Minimal configuration example

For Sentinel-2 processing:

[darts]
ee-project = "ee-tobias-hoelzer"
model-files = ["./models/s2-tcvis-final-large_2025-02-12.ckpt"]
aoi-file = "./data/myaoi.gpkg"
start-date = "2024-07-01"
end-date = "2024-09-30"

Or using scene IDs directly:

[darts.inference.sentinel2-sequential]
model-files = ["./models/model1.pt", "./models/model2.pt"]
scene-ids = ["20230701T194909_20230701T195350_T11XNA", "20230704T195909_20230704T200350_T11XNA"]
output-data-dir = "./output"

Full configuration explanation

The pipeline can be configured via command-line arguments or a TOML configuration file. All parameters from the CLI help output are available as configuration options.

Core Parameters

  • model-files: List of model file paths for ensemble segmentation.
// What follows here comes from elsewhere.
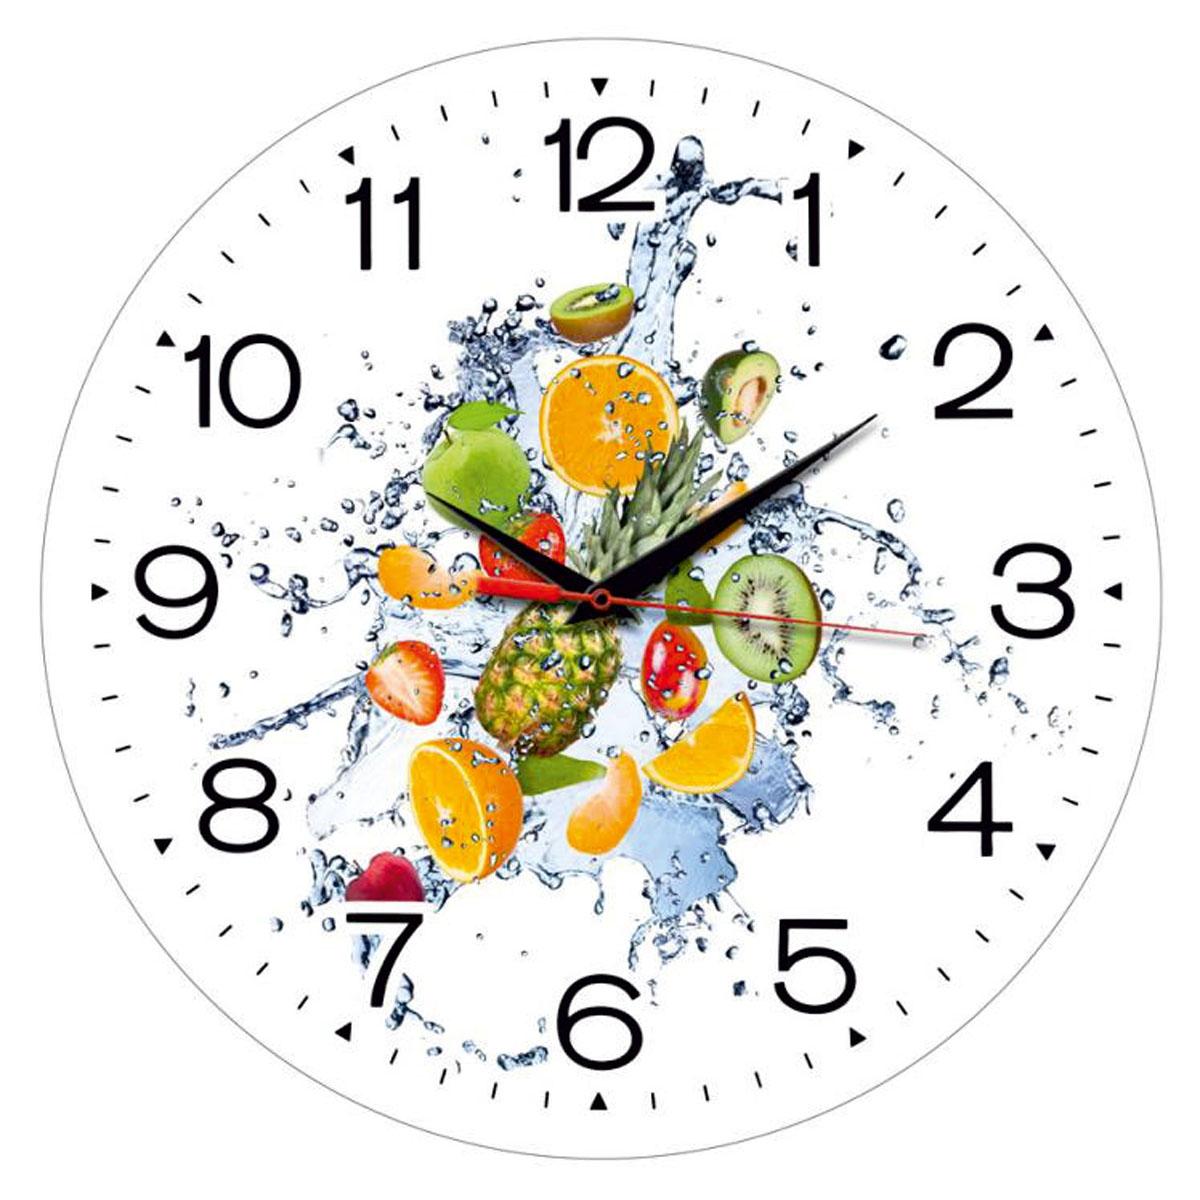 Часы настенные Miolla ФруктыСК011 2433Оригинальные настенные часы круглой формы выполнены из закаленного стекла. Часы имеют три стрелки - часовую, минутную и секундную и циферблат с цифрами. Необычное дизайнерское решение и качество исполнения придутся по вкусу каждому.Диаметр часов: 28 см.Часы работают от 1 батарейки типа АА напряжением 1,5 В.

If a single model is provided, ensemble features are disabled.
  • output-data-dir: Directory where processed outputs will be saved.
  • arcticdem-dir: Directory containing ArcticDEM datacube (auto-downloaded if missing).
  • tcvis-dir: Directory containing TCVis data.
  • device: Computing device ("cuda", "cpu", "auto", or specific GPU index).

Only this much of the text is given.